Last choice (that I know of)

http://www.petco.com/product/107312/Aqueon-Versa-Top-Hinged-Aquarium-Cover.aspx?CoreCat=OnSiteSearch

This one isn't too bad I bought one in the wrong size but no light. I gather you can put on on top of the glass:

http://www.petco.com/product/107312/Aqueon-Versa-Top-Hinged-Aquarium-Cover.aspx?CoreCat=OnSiteSearch

I do have a cat that is curious. At this point if given access to the fish she just stares at it. (and the betta comes over and stares back!) I really need something soon I have cardboad on top of the aquarium help keep dust out.

If you have recommendations let me know. I have filter to fit and a cord for heater.


----------



## Hallyx (Jun 11, 2011)

If you're not into fancy or elegant, you can get away with a desklamp and a 23W CFL of 6500K (Kelvin~color temperature) for plants. Cover the tank with cling film to keep in the warm moist air that they like.

It's also easy to get into the tank for feeding and maintenance. This is what I have and I wouldn't do it any other way


----------



## DizzyD (Feb 7, 2013)

I have the glass top on mine, Although I ordered it online and now that I see your link I wish I hadn't because you found it cheaper and I had a problem with mine being a hair to big. I could have just taken it back rather than haveing to try to cut it.

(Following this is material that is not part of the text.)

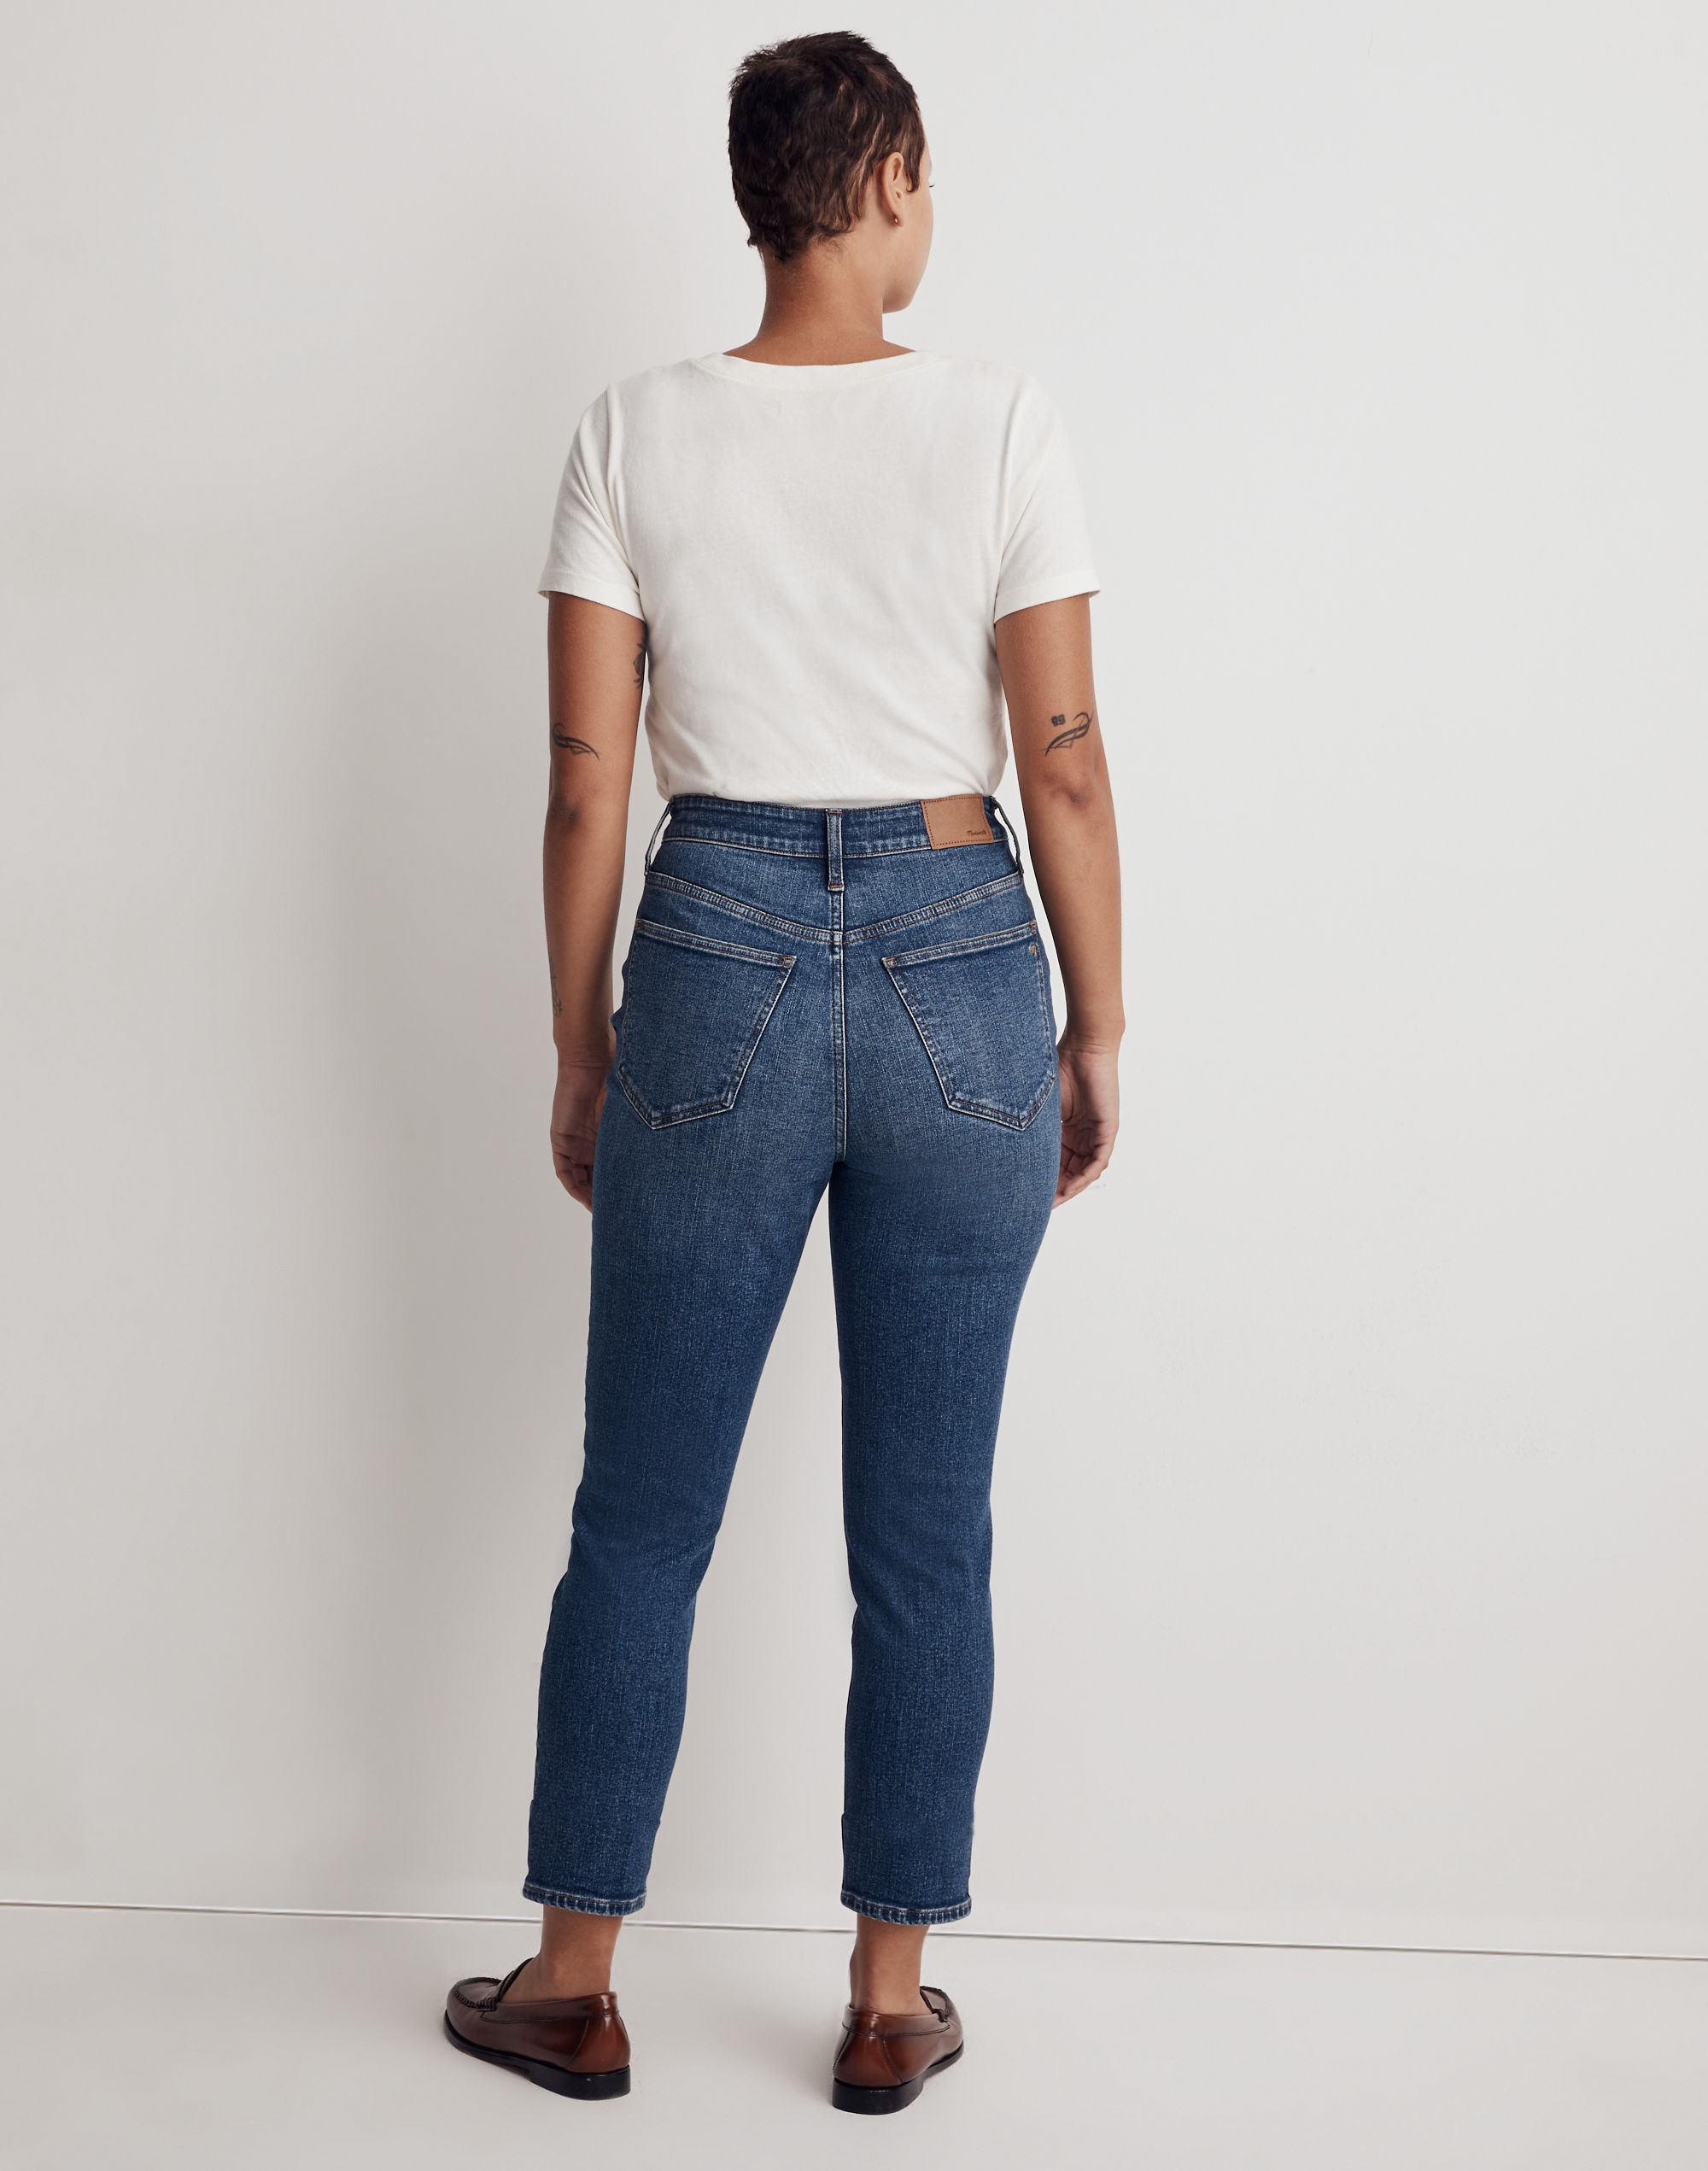 The Curvy Perfect Vintage Jean in Manorford Wash: Instacozy Edition

But I like the glass. its low profile and with a desklamp like hallyx suggested, it keeps it fairly cheap. I actually had a old desk lamp lying around. Bought some daylight CFLs and am very happy.


----------



## jadaBlu (Feb 14, 2013)

I did buy the glass ones however, after I made the purchase I called about my new filter which was not working properly. It's a walmart Aquatech filter but you know it's really made by Marineland-Guess who own them? Tetra. So after I solved my filter issue I asked the girl for help with Tetra. She finally emailed where I can get a hood complete with lights but they just came out with them so there's no picture.

http://familyofpets.petrg.com/cgi-bin/fop/MRL33147.html

UPC 047497331477


I don't think this one has a hood that lifts it'd like the one on the tetra site.


----------